IMF gives initial approval for final tranche of USD 5.2 bn standby loan
Egypt expects to unlock the third and final USD 1.6 bn tranche of its USD 5.2 bn IMF standby loan after reaching a staff-level agreement with the fund, the IMF said in a statement. An IMF delegation was (virtually) in town over the past two weeks for the second review of the 12-month program and its annual Article IV consultations, which the IMF usually holds with its member states once a year as a way to keep track of local economies. The disbursal of the third tranche is contingent on the approval of the IMF’s executive board, which is expected within the next few weeks, according to the statement. Reuters also has the story.
Refresher on the facility: The IMF had signed off last June on the one-year package to support Egypt’s economic recovery through covid-19, as key economic sectors — including the vital tourism industry — were negatively impacted by the pandemic. The funding was also made available to support healthcare, shore up the country’s social safety net, advance structural reforms, boost private sector growth and job creation, and help the government narrow its budget deficit.

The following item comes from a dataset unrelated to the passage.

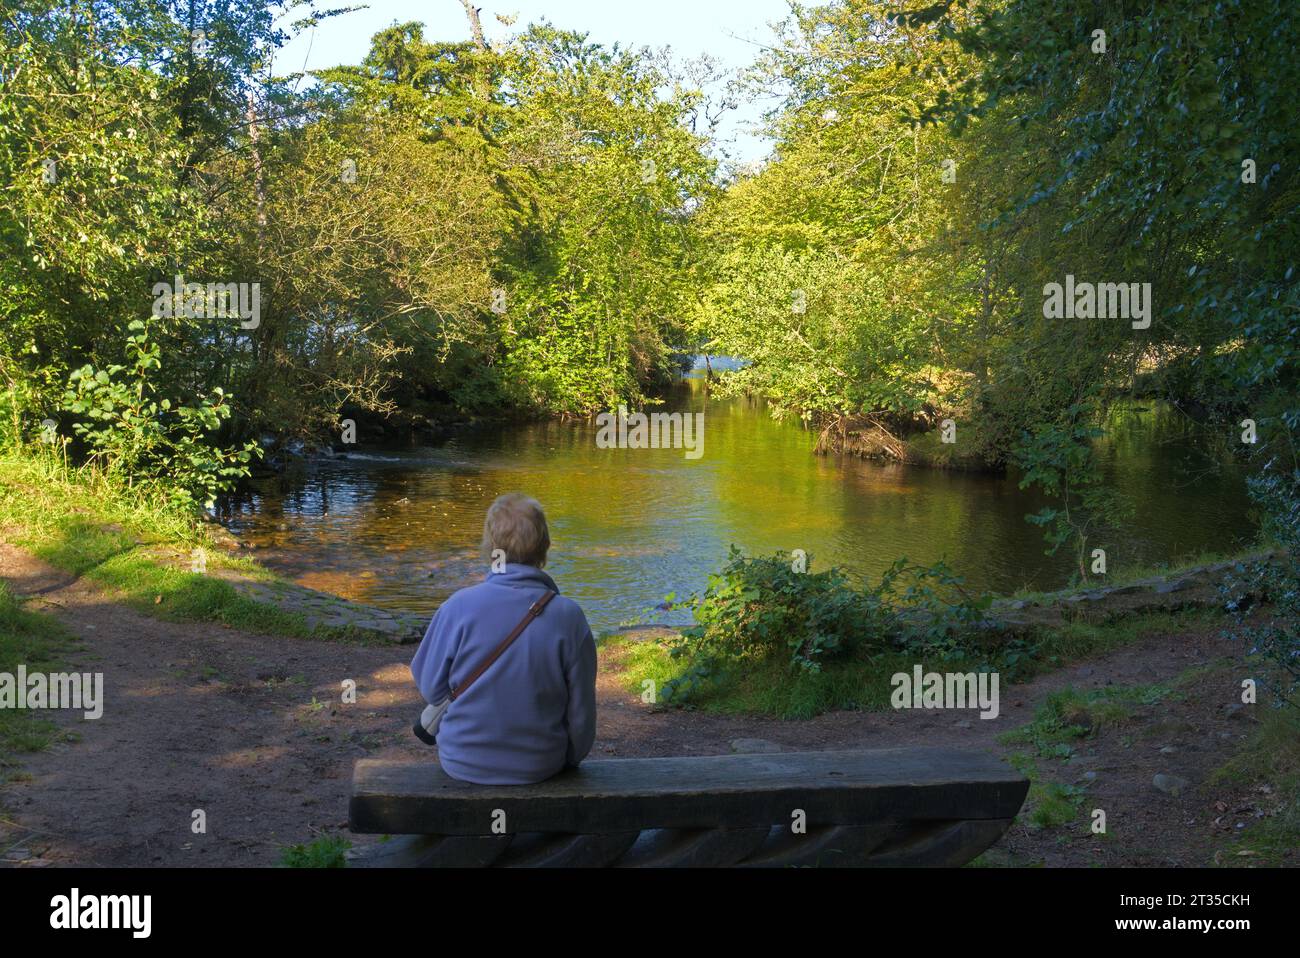 Femme assise seule sur un banc à côté de la rivière. Lumière du soir. Vue de l'autre côté de la rivière Ness près du centre d'Inverness. Inverness City, Highlands, Écosse, Royaume-Uni Banque D'Images

Overall, the review appears to be quite positive, with the fund noting that “all structural benchmarks were met” under the agreement. “Over the past 12 months, the authorities’ strong performance and commitment helped achieve the program’s objectives of maintaining macroeconomic stability during the pandemic while protecting necessary social and health spending and implementing key structural reforms,” the statement read.
The economy showed “resilience” over the past several months thanks to the government’s “strong implementation” of its policy program. Egypt’s GDP is expected to close the current fiscal year with 2.8% growth before accelerating to 5.2% in FY2021-2022, the fund says. The fund had bumped up its outlook for Egypt’s growth from 2% following the completion of its first review of the program in January. Fiscal policy for the upcoming fiscal year “appropriately targets a gradual consolidation to balance needed support for the economic recovery while safeguarding fiscal sustainability,” the fund says, giving a nod to the government’s plan to ramp up its investments in priority sectors such as healthcare, education, and infrastructure. The government’s sustainable development plan for FY2021-2022 outlines healthcare, transport and railway infrastructure, and education as its top priority areas.
Reserves + the banking sector are still a bright spot: The IMF team found that the primary balance and international reserves have exceeded the program’s targets, which was also the case when it reached a staff level agreement for its first review in November. Foreign reserves have been steadily rising since June, coming in at USD 40.3 bn at the end of April, bringing us closer to our February 2020 peak of USD 45.5 bn. The fund also gave a nod to the Central Bank of Egypt’s “readiness to act as necessary to support economic recovery amid muted inflation.” The country’s banking system is “liquid, profitable, and well-capitalized,” the fund says.
There are still covid-19 risks, but we have the right policies in place: Economic performance could be undermined by lingering risks related to the pandemic, resulting in a bit of uncertainty to the outlook. But the fund is optimistic that short-term recovery has appropriate policy support, while the government’s structural reform program — the second phase of which Prime Minister Moustafa Madbouly and Planning Minister Hala El Said announced last month — will “unleash Egypt’s enormous growth potential in the medium term.”
Next steps: The fund wants to see “specific policy measures” to support the targets of our Economic Reform Program 2.0, suggesting that the government outline clear steps to boost private sector involvement in the economy and help encourage exports by removing trade barriers.